Iranians (either moles within Iran who worked in the nuclear program itself, or Iranians who while not privy to that access, nevertheless were well positioned to make it likely that the payload made its way to its target).

In any case, the Iranian regime is presently in a pickle. To be assured of eradicating the worm, they must get rid of and replace all computers they now use for the purposes of controlling the science fair experiment, not only those in the control rooms of the facility, but those that are apparently within the machines themselves, with which the control room machines communicate. The chances of their crack team of that one stuxnet counter-warriors actually succeeding in removing the worm without removing and replacing the offending computers is small, according to the account. (Letting alone the impossibility of removing and replacing all the computers in Iran that may have been the source of the infection. Good luck with that.)

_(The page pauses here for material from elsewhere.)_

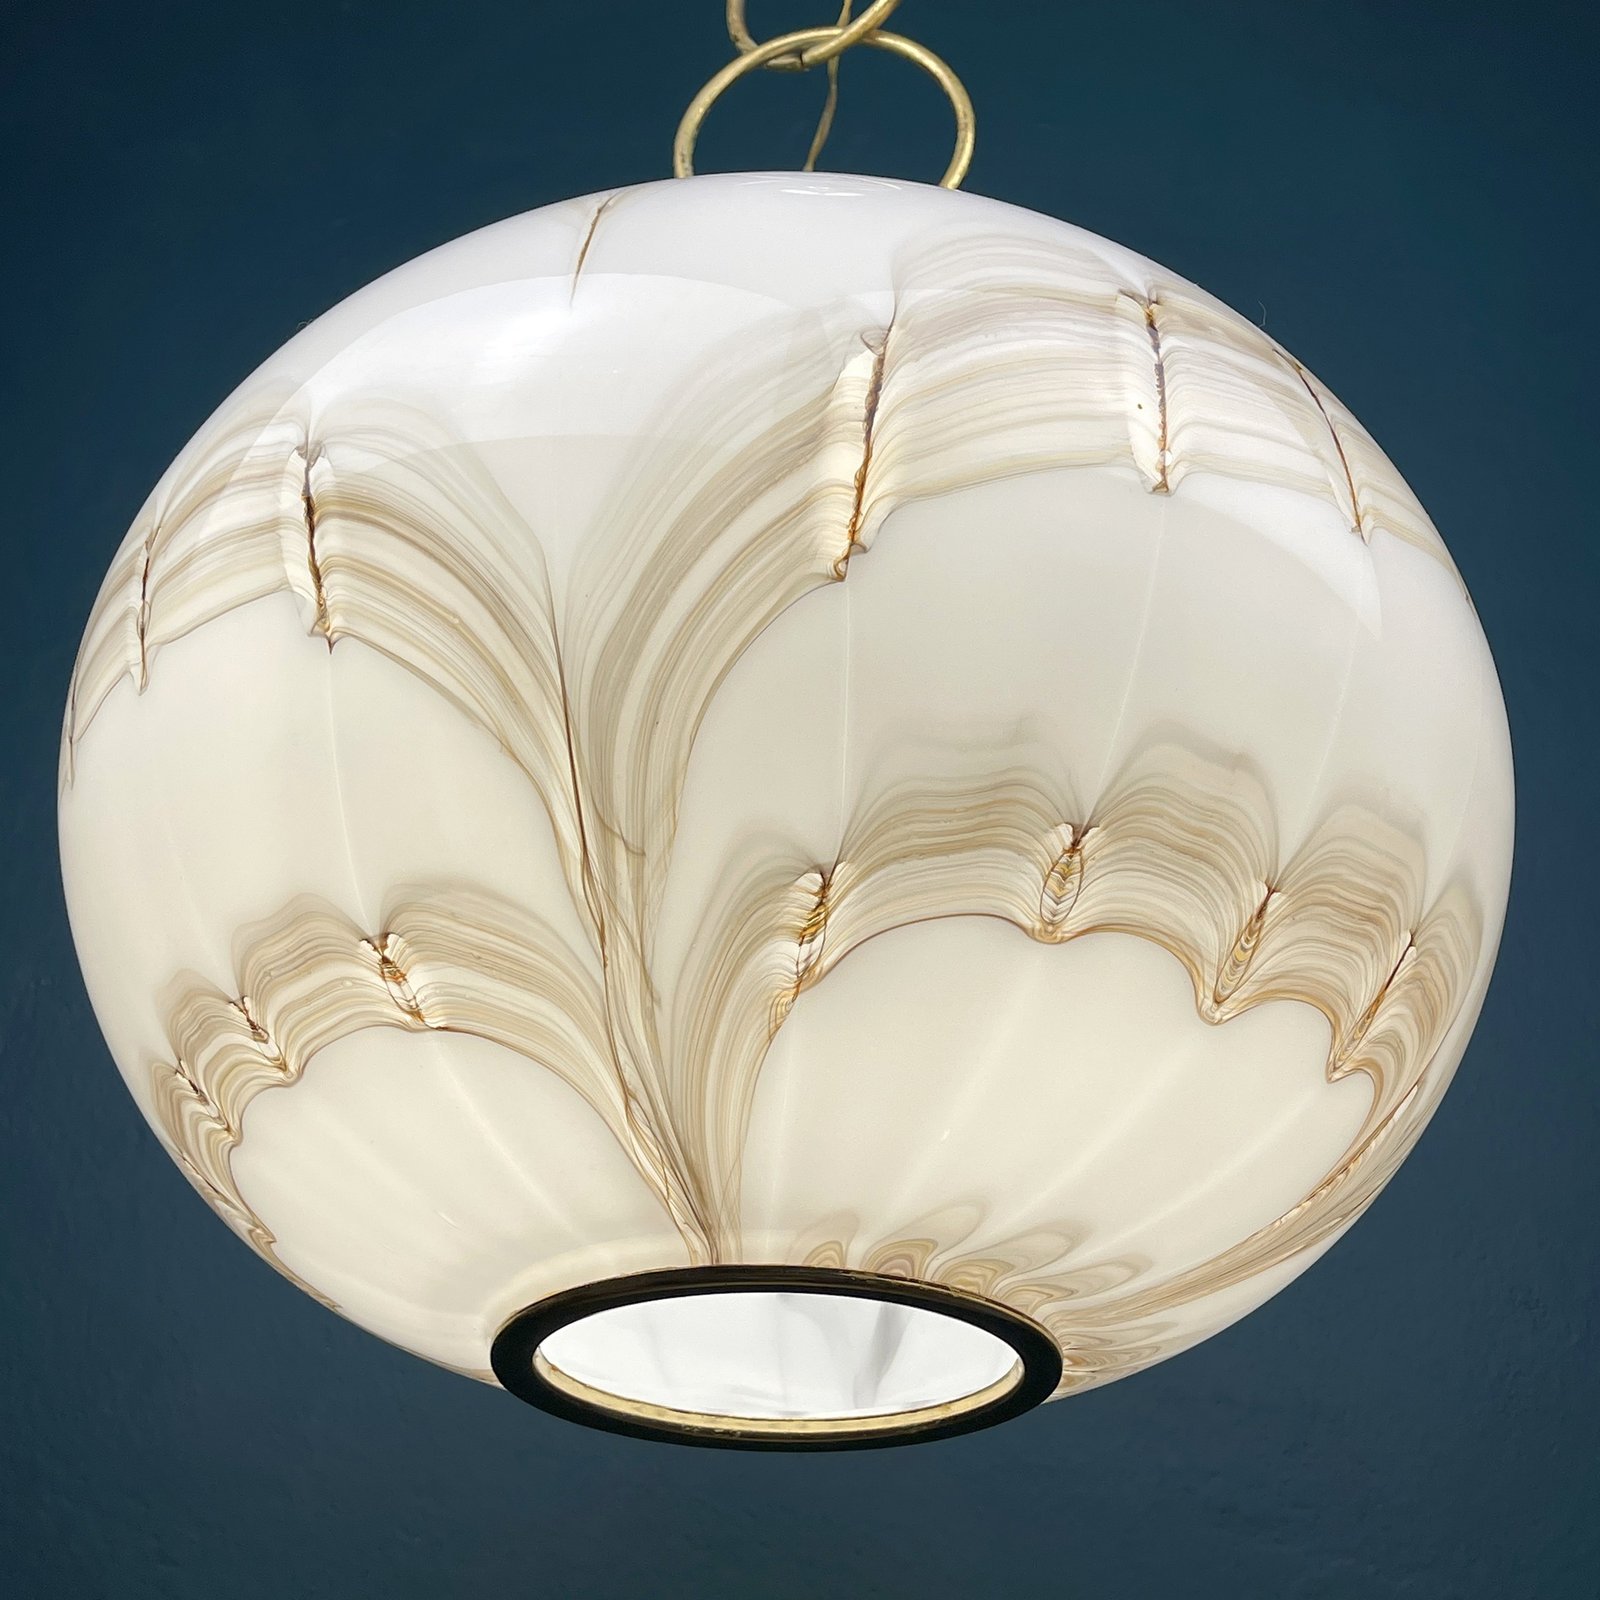 Murano pendant lamp Italy 1960s Mid-century modern lighting

Well, if they remain reliant on what is perhaps the most evil technology of the Great Satan, the Windows OS, then it seems that any machines they plug in as replacements will run a significant risk of coming prepackaged with 'Stuxnext', the next Generation, simply re-infecting the science fair experiment. This is especially true if they also continue to be reliant on technology from Siemans, one of Great Satan's capitalist minions. Hey, the stuff has to be shipped, and Li'l Ahmie and his cohorts aren't building the things themselves. Sucks to depend on the West doesn't it?

The only thing that is extremely dissapointing but understandable is that the folks that put together the worm did not include anything like this which would play on and on and on until the geniuses in Iran figured out the 'hack':

Just to see the frustration, I'd pay some serious coin.

Nedry strikes again Li'l Ahmie, and to paraphrase Samuel L. Jackson, their aint a GD thing you can do about it.